Time complexity \(O(1)\).
B - Product Max
Always \(x\) should be equal to either \(a\) or \(b\). Same thing for \(y\) it should be equal to either \(c\) or \(d\).
Time complexity \(O(1)\).
C - Ubiquity
dp solution
As the value of \(n\) is small, we can use dp to solve the problem, let dp[i][f0][f9] be the number of arrays of length \(i\), \(f_0\) determine if their exist some \(j < i\) such that \(a_j = 0\). Same thing for \(f_9\). The transactions are simple, from dp[i][f0][f1] we can go to dp[i + 1][f0][f9] of dp[i + 1][1][f9] or dp[i + 1][f0][1].
Time complexity \(O(n)\).
inclusion exclusion principle
We can find out that the solution is: \(ans = 10^n -2 * 9^n + 8^n\).
Time complexity \(O(log(n))\).
D - Redistribution
Combinatorics solution
Using stars and bars theorem we know that the number of ways to chose \(k\) positive integer numbers that sum up to \(n\) can be found using: \({n + k - 1}\choose{k - 1}\). Let’s try to use this to solve the problem.
We can write that:
\[a_1 + a_2 + \dots + a_k = n\]But \(a_i \ge 3\), so we can write \(b_i = a_i + 3.\)
\(b_1 + b_2 + \dots + b_k = n - 3 \times k\).
Now to solve the problem we just need to iterate over all \(k\) such that \(3 \times k \le n\) and add to the answer \({n - 2\times k - 1}\choose{k - 1}\)
Time complexity \(O(n)\).
Formula
If you try some small values you can find out that the solution follows a formula, more precisely:
dp[i] = dp[i-1] + dp[i-3] and dp[3] = 1, dp[i] = 0 for \(i \le 2\).
Time complexity \(O(n)\).
Bonus: can you solve the problem in \(O(log(n))\)?
E - Dist Max
The Manhattan distance between tow points \(A(x_a, y_a)\) and \(B(x_b, y_b)\) can be written as: \(dis = \lvert x_a - x_b \rvert + \lvert y_a - y_b \rvert\) This can be one of the four cases:
\[(x_a - x_b) + (y_a - y_b)\] \[(x_a - x_b) + (-y_a + y_b)\] \[(-x_a + x_b) + (y_a - y_b)\] \[(-x_a + x_b) + (y_a + y_b)\]Let’s consider the first case: \((x_a - x_b) + (y_a - y_b) = (x_a + y_a) + (-x_b - y_b)\)
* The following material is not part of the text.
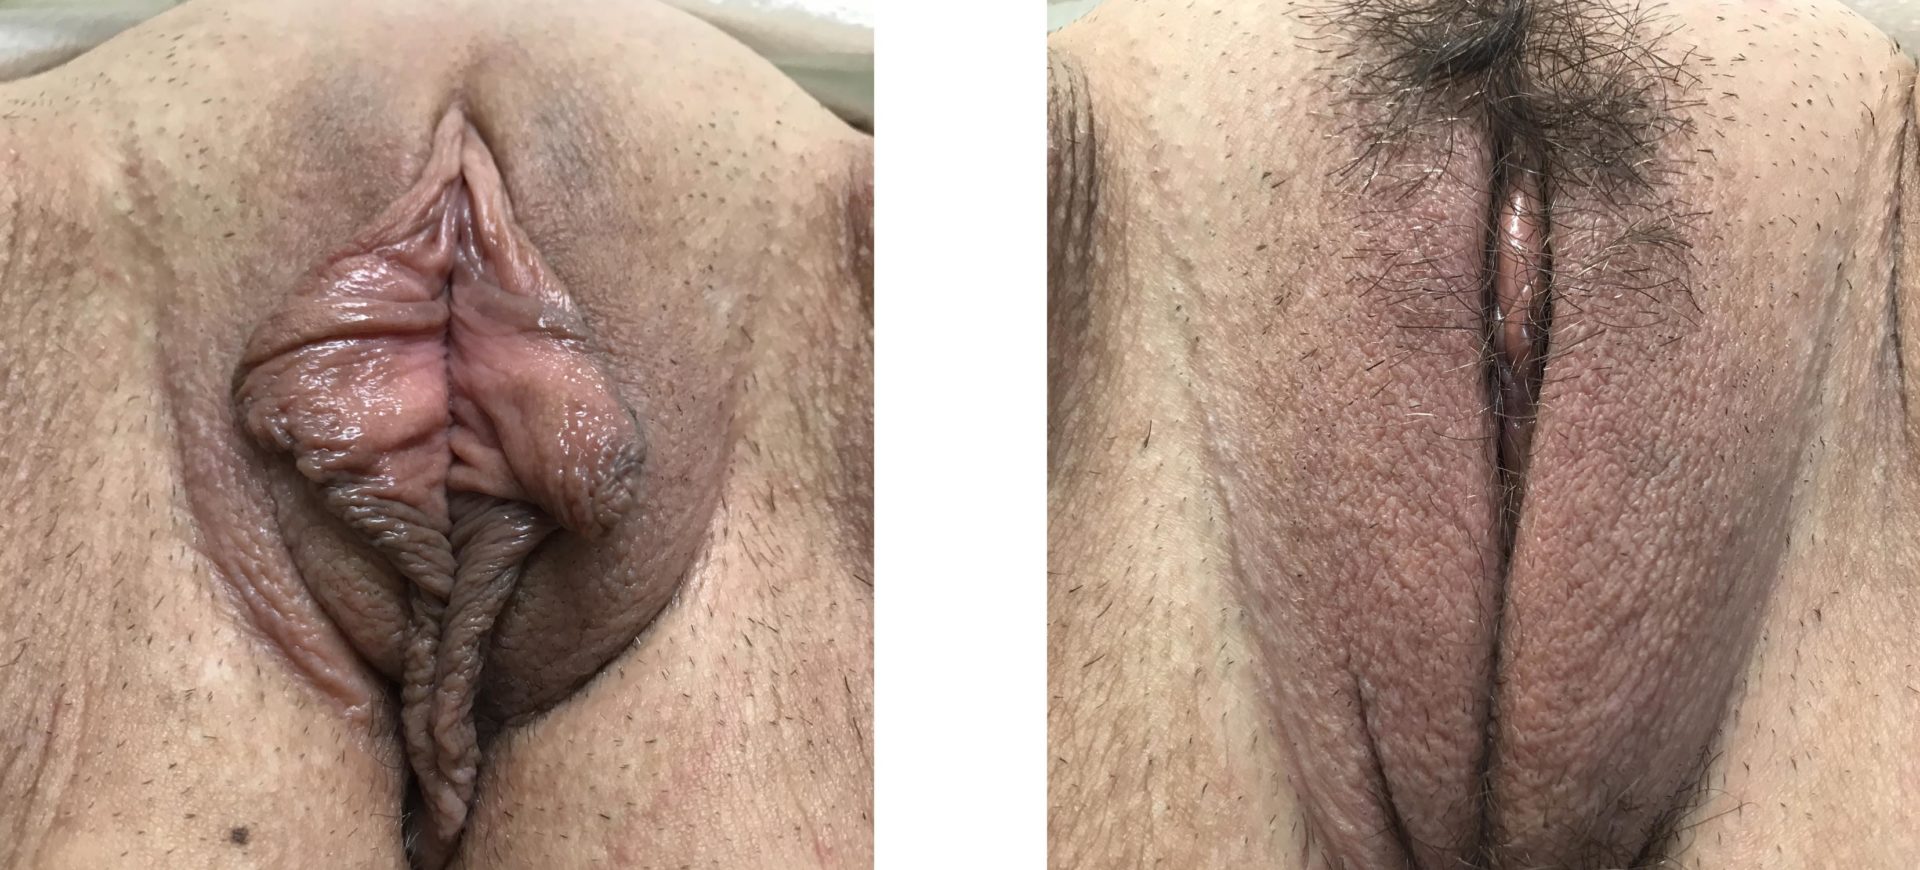 Vaginoplasty and Labiaplasty Minora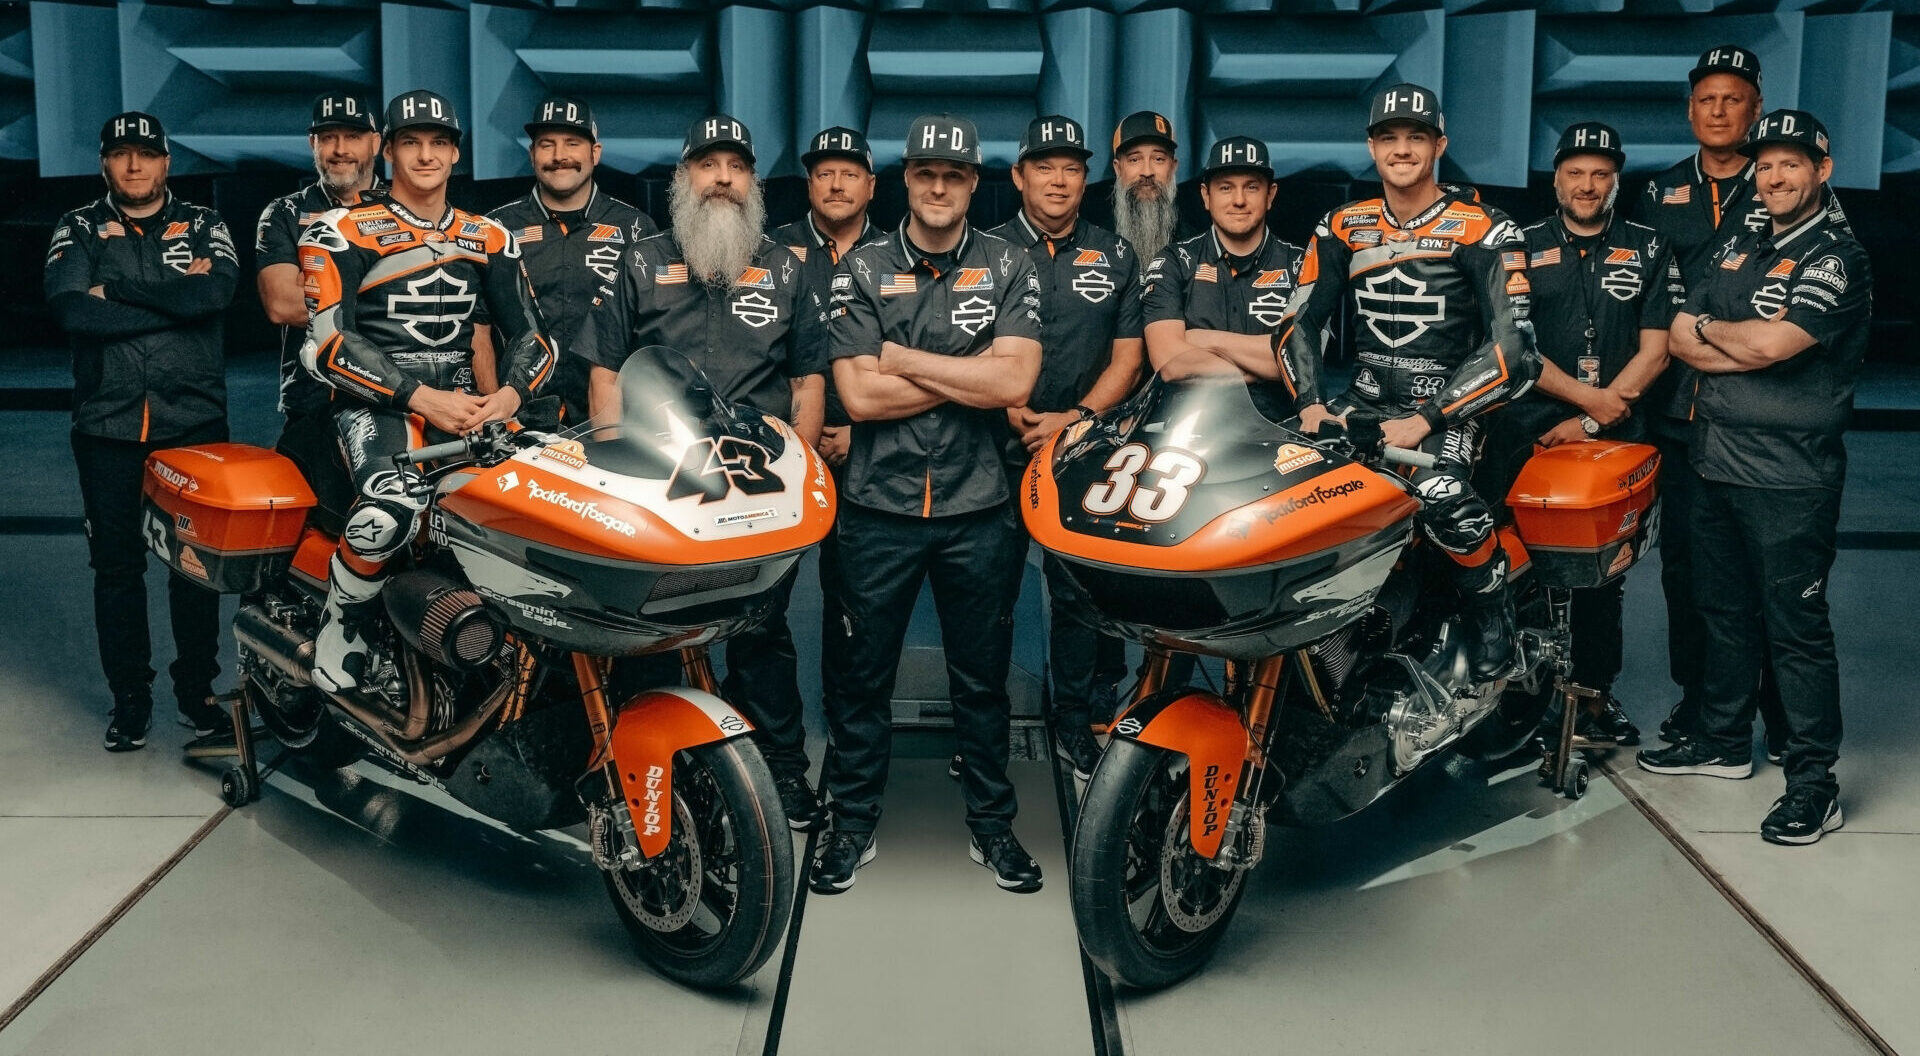 James Rispoli (43), Kyle Wyman (33), and the Harley-Davidson Factory Racing Team. Photo courtesy Harley-Davidson.

When we iterate over all points we can find that part of the solution comes from the point \(A\) the other part comes from other point, so if we just consider the first case then the Maximum Manhattan distance is \((x_a + y_a ) + max((-x_b - y_b))\) for any point \(B \ne A\).
To find the max value we use 4 multiset for x + y, x - y, -x + y and -x -y. First we add all the points to our multisets, then for every point \(i\) we query our multisets to find the better solution.
Time complexity \(O(n \times log(n))\).
F - Contrast
The problem has no solution if there is some number \(x\) that \(cnt[x] > n\) for all \(x\) in \(a, b\). The proof is simple, because there are just \(n\) indexes to fill.
Let’s reverse array \(b\), then the indexes where \(a_i = b_i\) will form a contentious segment between \([l, r]\), also these values will be equal. So we just need to change these values with other values out of the range.
Time complexity \(O(n)\).